Consist Systems - General Terms of Proposal

General Terms of Proposal - Consist Systems
The General Terms set forth herein constitute an inseparable part of Consist Systems Ltd. (“Supplier”) proposal (“Proposal”) at the scope detailed in the Proposal (“Services”), and apply in addition to the terms of the Proposal. The counter party to the Proposal and/or which shall be provided with the Services shall be hereinafter referred to as the “Customer”. Acceptance of the Proposal by the Customer or payment of an invoice constitutes the Customer’s acceptance of these General Terms. The Services will be interpreted solely according to these General Terms, which will apply to all services and/or products included in the Proposal. These General Terms and Conditions and the Proposal will be referred to together hereinafter as the "Agreement".


1. The Services shall be provided by the Supplier’s employees, service providers and/or contractors (“Supplier’s Designees”).


2. In case the Proposal includes the sale of any of the Supplier products and/or any software licenses or provision of third party products ("Products"), any Products shall be supplied "AS-IS" and in accordance with the such Products' standard terms shown at the Proposal and subject to the provisions thereof ("License") without any representation or warranty of any kind, including as to its suitability to a particular purpose, non-infringement or error-free. The License shall be considered as an integral part of the Agreement and shall prevail any term and/or limitation and/or liability on behalf of the Supplier. The Customer is responsible for periodically monitoring changes to the License, if any. As required, the Customer will sign or electronically confirm the License, in accordance with the manufacturer's policy on this matter or shall execute the standard License of the relevant Product's manufacturer. The License shall apply for the benefit of Supplier, as a single party together with the Products' manufacturer for the purpose of the Product's License. The Customer will not make any changes and/or additions and/or repairs to the Product(s), except through the Supplier. The Customer will indemnify the Supplier and/or manufacturer and/or anyone on their behalf for any damage, expense and loss incurred by them as a result of a violation of the License or as a result of using the Product(s) not in accordance with the provisions of the Agreement, the License or any law.


Nothwithstanding anything else in the Agreement, the Customer hereby agree and accept that in case the Supplier right to provide the License and/or Services will be limited, including as a result of the manufacturer announcement of the Product's EOS and/or EOL and/or as a result of termination of the Supplier engagement with the manufacturer, for whatever reason, the Supplier shall have the right of immediate termination of its engagement with the Customer, and Customer shall have no claim or demand towards the Supplier in relation thereto.
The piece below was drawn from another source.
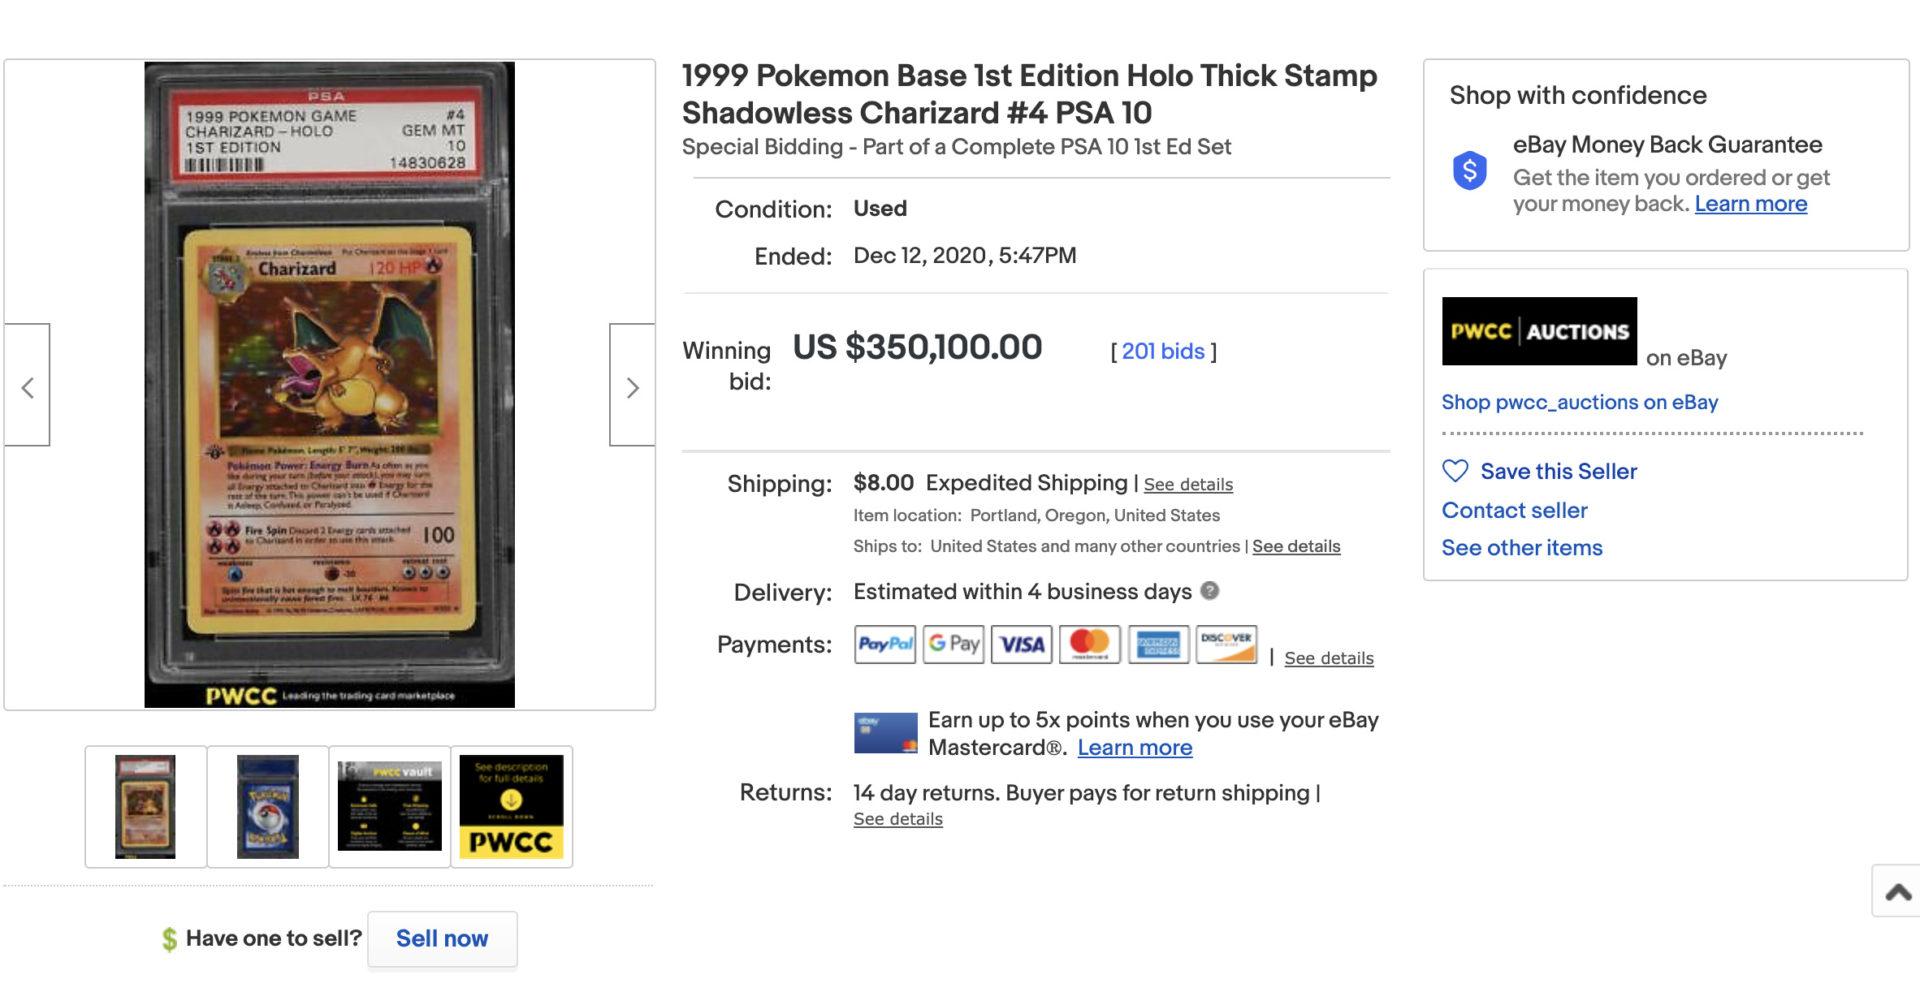 Screenshot of rare Charizard Pokemon card selling for $350k at auction.

3. If the Proposal includes the purchase of cloud services, such cloude services shall be provided pursuant to the Supplier's than current cloud services and terms of use, which will be added to the Agreement and will form an integral part thereof. If the Product is based on software as a service (SAAS), located on a public cloud, the public cloud services will be provided in accordance with and subject to the terms of service of the public cloud services provider.


4. If the Proposal includes the purchase of hardware, infrastructure or any other equipment, such equipment will be supplied in accordance with and subject to the Supplier's general terms and conditions for the sale of equipment which will be added to the Agreement and will form an integral part thereof.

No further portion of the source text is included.